[infinispan-issues] [JBoss JIRA] (ISPN-7070) CacheNotifierImplInitialTransferDistTest.testIterationBeganAndSegmentNotComplete random failures
William Burns (JIRA)
issues at jboss.org
Wed Nov 15 17:45:00 EST 2017
[ https://issues.jboss.org/browse/ISPN-7070?page=com.atlassian.jira.plugin.system.issuetabpanels:comment-tabpanel&focusedCommentId=13490660#comment-13490660 ]
William Burns commented on ISPN-7070:
-------------------------------------
So the log shows that the REMOVE event was sent back to the node where the listener lives, but for some reason it wasn't notified....
{code}
12:54:48,687 TRACE (remote-thread-Test-NodeA-p49731-t6:[]) [ClusterEventCallable] Received cluster event(s) [ClusterEvent {type=CACHE_ENTRY_REMOVED, cache=Cache 'DistInitialTransferListener'@Test-NodeA-2391, key=key-to-change-0, value=null, oldValue=initial-value, transaction=null, retryCommand=false, origin=Test-NodeB-8079}], notifying cluster listener with id a9ff1f8a-10de-4eab-a545-93da4e734e1a
12:54:48,688 TRACE (remote-thread-Test-NodeA-p49731-t6:[]) [JGroupsTransport] Test-NodeA-2391 sending response for request 9 to Test-NodeB-8079: SuccessfulResponse(null)
{code}
This shows that the remove command was enqueued into the listener as it should have been.
Also looking at the trace I see that a large subset of segments were not completed before the test failed.

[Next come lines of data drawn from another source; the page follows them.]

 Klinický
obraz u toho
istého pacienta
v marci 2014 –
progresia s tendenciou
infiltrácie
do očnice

I am not quite sure how this was possible though as the segments should have been all completed. This could be a timing issue with the test or a bug with the segment notifications. I will have to look further.

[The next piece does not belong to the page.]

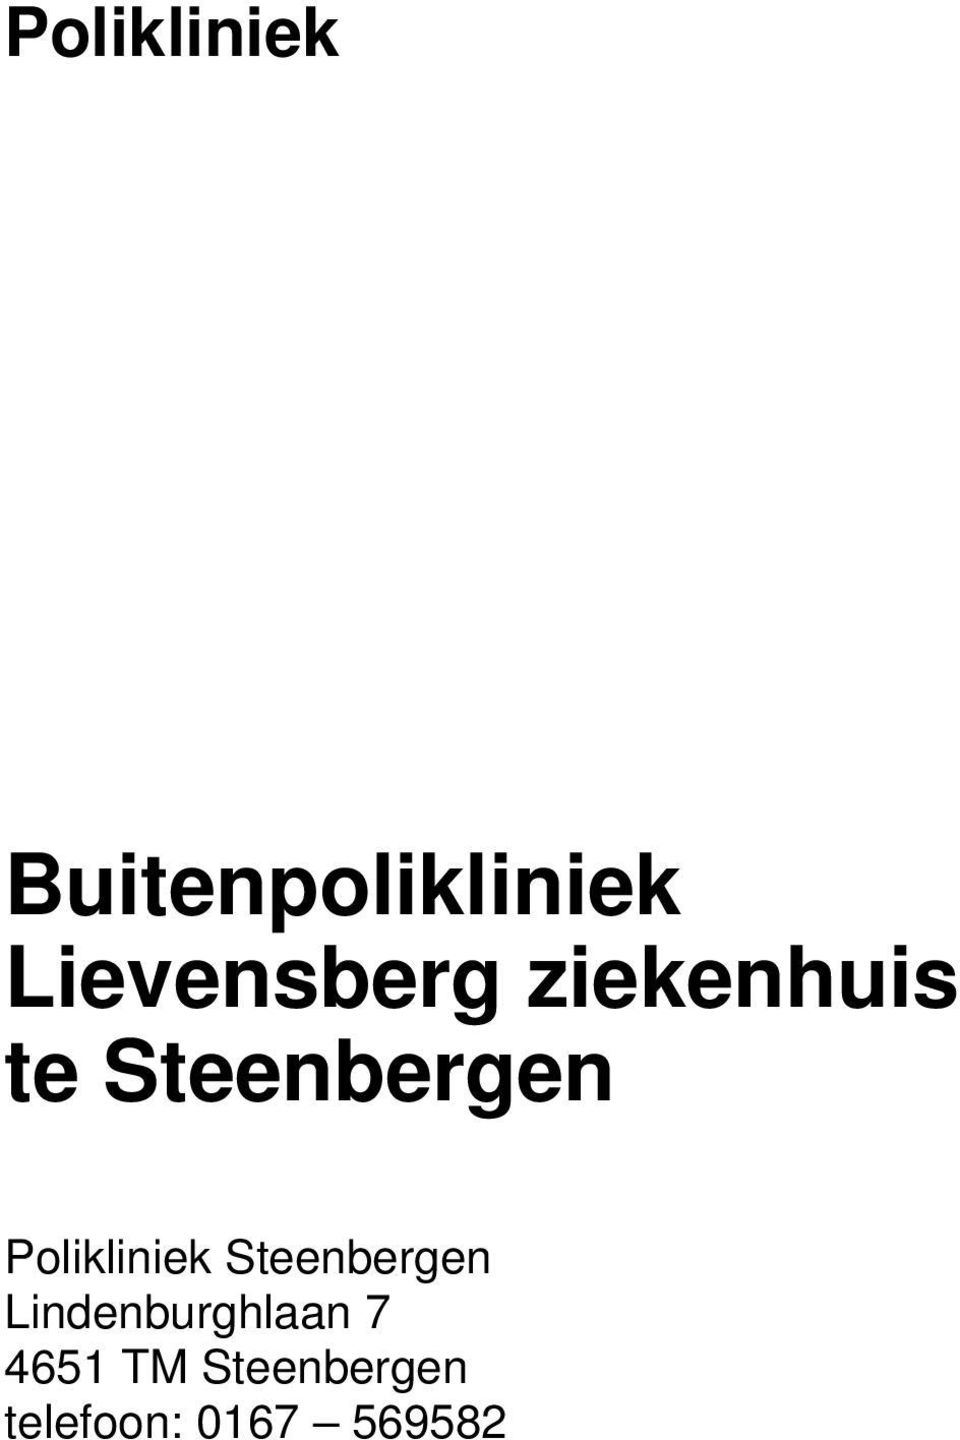 Polikliniek Steenbergen

Also I found a bug with the test itself. This test is designed to have the operation performed after the listener has been notified of the given entry. But somehow the operation can be fired before this notification and thus only providing 10 events instead of 12. In my testing this failure occurs much more frequently and shouldn't be that hard to fix.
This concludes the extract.